Serena Williams to Miss Next Few Weeks for Foot Surgery
Reports are that Serena Williams injured her right foot at a restaurant, sustaining a cut to the top her foot. She will need surgery and will miss the next few tournaments.
A cut to the top of the foot, particularly at the junction of the foot and ankle, can be very concerning. In this area, vital structures can be damaged, including: nerves, blood vessels, tendons, ligaments, and muscles. An injury two tendons, the anterior tibial tendon and the extensor hallucis longus, or an injury to the artery, are particularly worrisome. The anterior tibial tendon (ATT) runs from the front, inner part of the shin to the foot. It helps the foot to move up and in (a motion known as inversion). The extensor hallucis longus (EHL) runs from the front of the shin bone to the big toe. It helps to move the big toe up. The artery on the top of the foot is one of two major arteries that provides blood supply to the foot. Injury to this structure is bloody, but no devastating.

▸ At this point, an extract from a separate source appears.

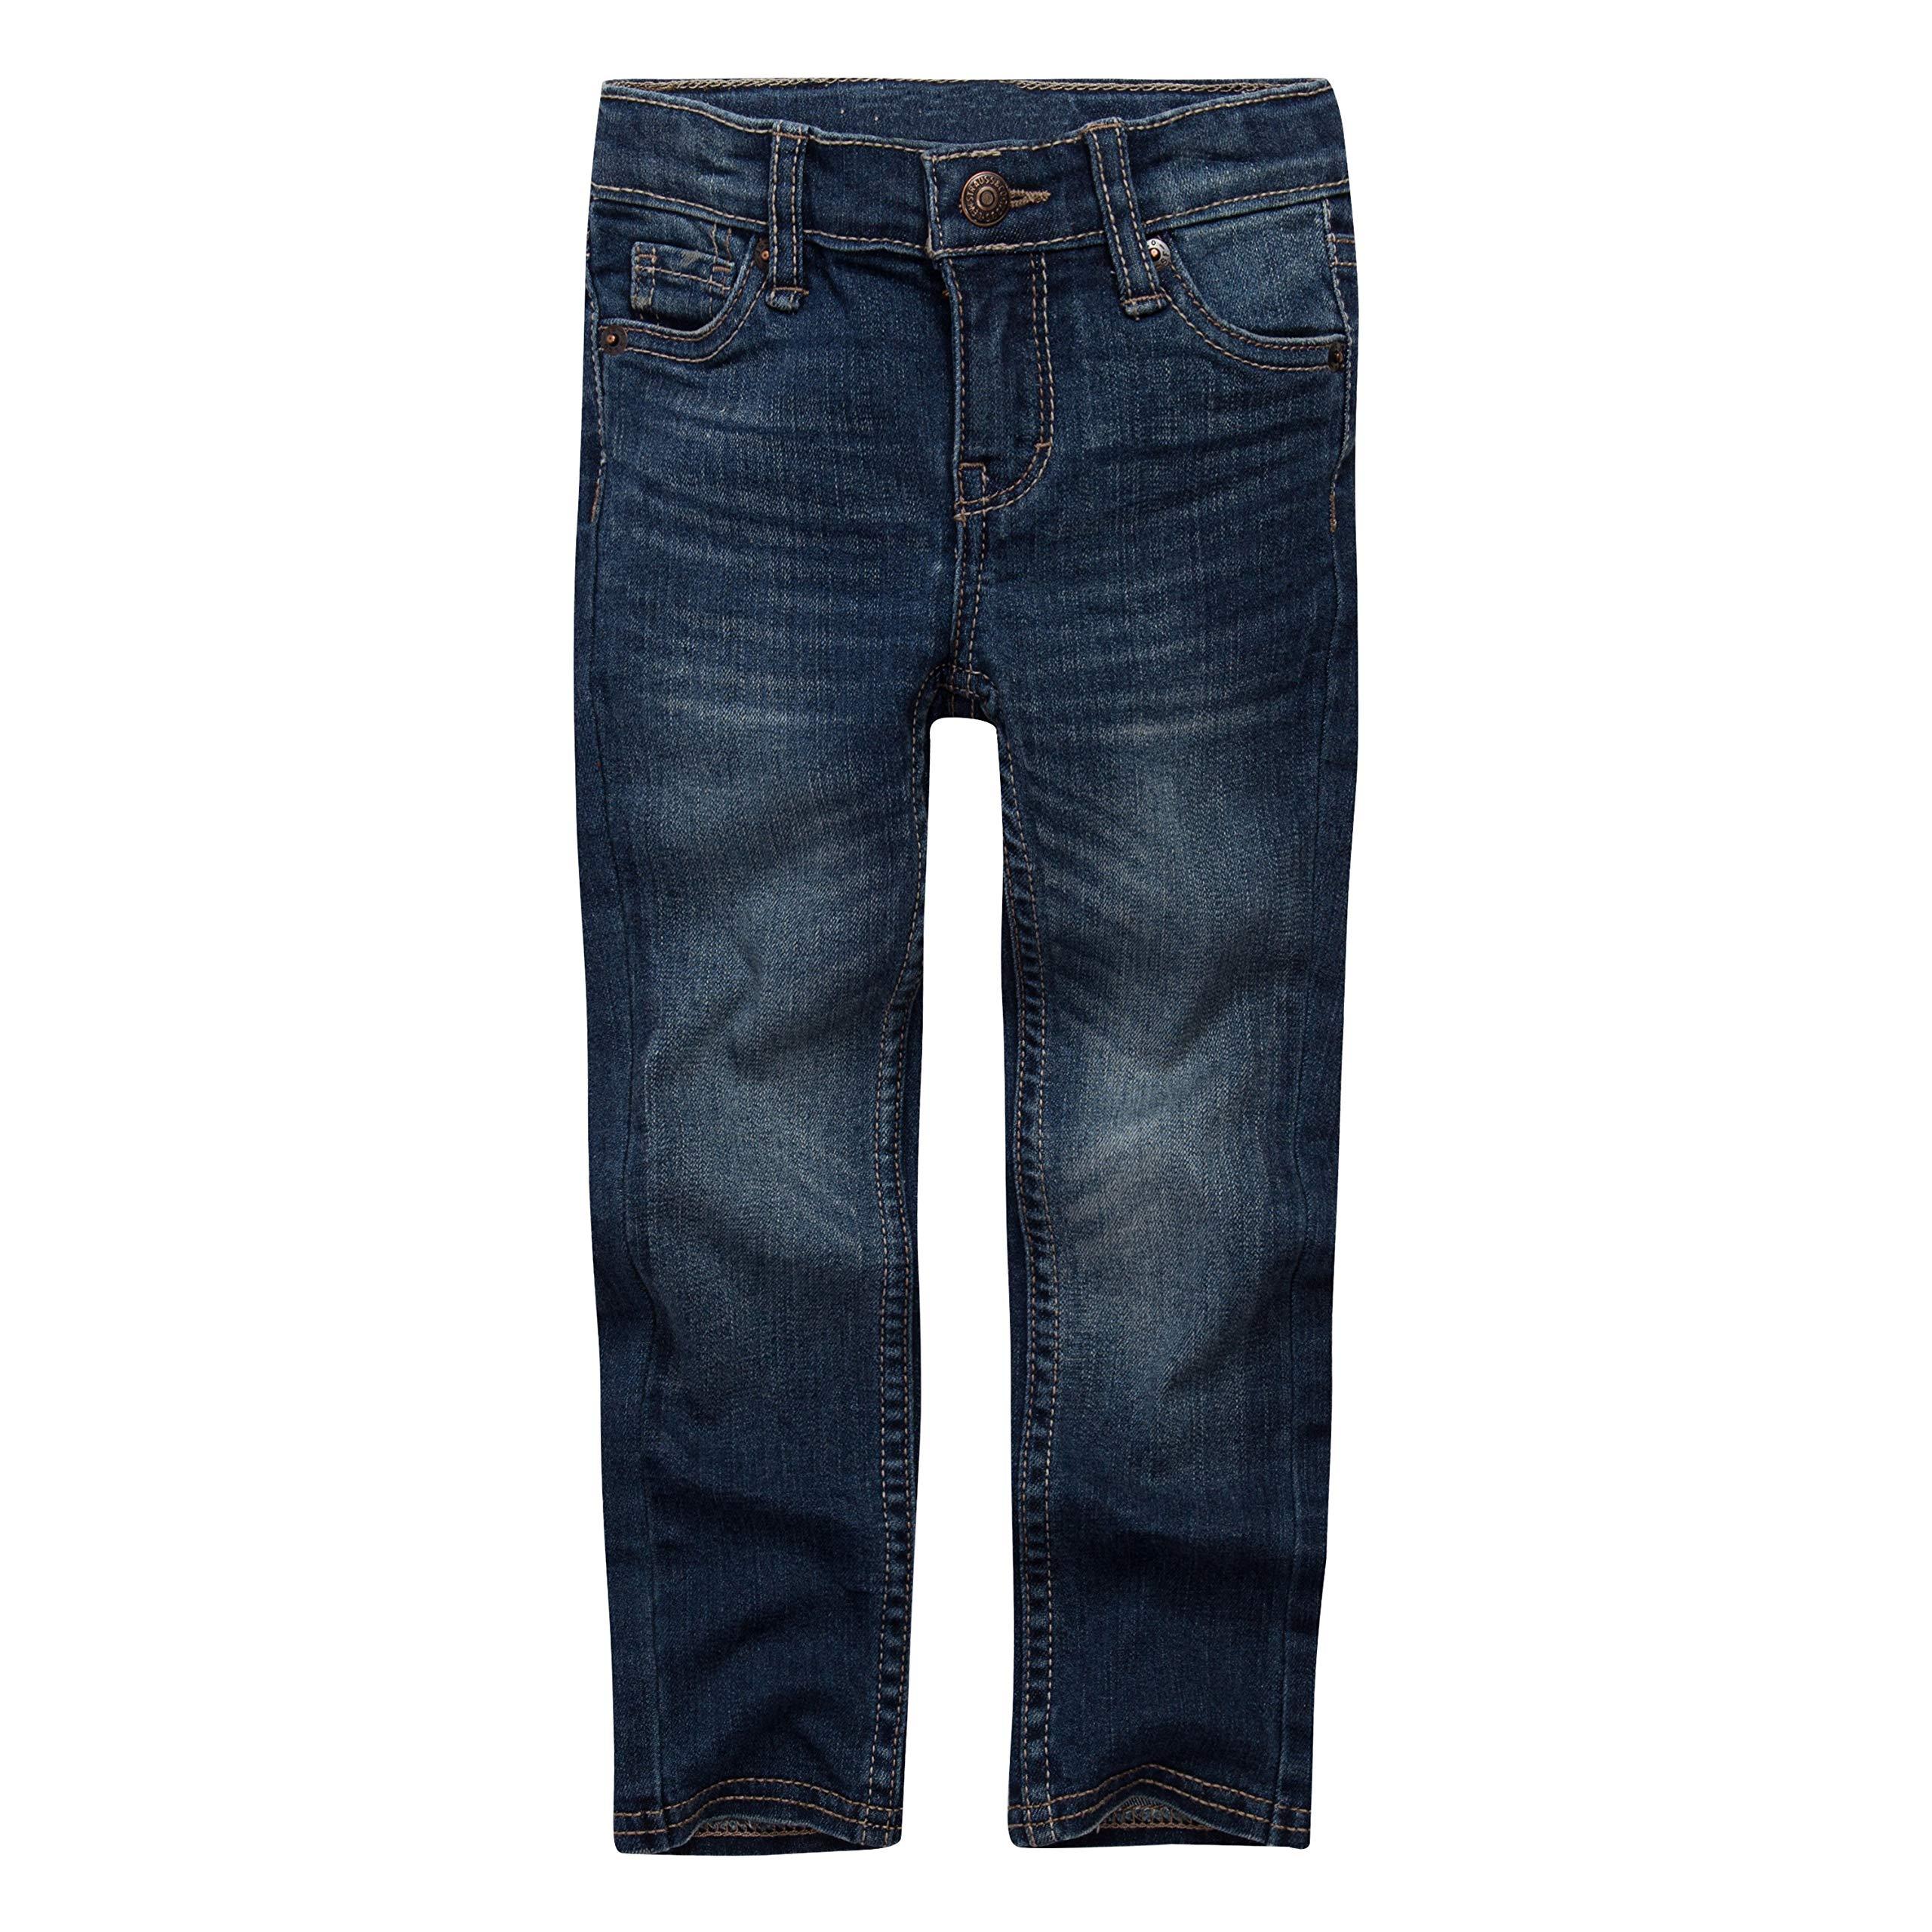 Levi's Girls' Big 711 Skinny Fit Jeans, Rockabilly, 16 by Levi's

A cut to the top of the foot is usually due to a sharp piece of glass, metal, or plastic falling on the foot. Depending on the size, weight, and depth of the injury. any of the structures on the top of the foot can be injured.
All cuts will lead to some amount of pain, swelling, and bleeding. One may notice a loss of the ability to raise the lesser or big toes to the ceiling or the inability to move the ankle upwards. This is concerning for a tear or laceration of a tendon.
WHEN TO SEEK MEDICAL CARE
If you think you may have cut a tendon, ligament, nerve, or blood vessel, you should seek medical attention within a few hours to days.
The treatment for a cut on the top of the foot depends on the depth of the cut and other structures involved with the cut. If the cut has not gone deep enough to injure any other structures, an athlete is usually kept out of play for a week or so with local wound care. If deeper, an a tendon such as the EHL or ATT is cut, then conservative care or surgery may be needed.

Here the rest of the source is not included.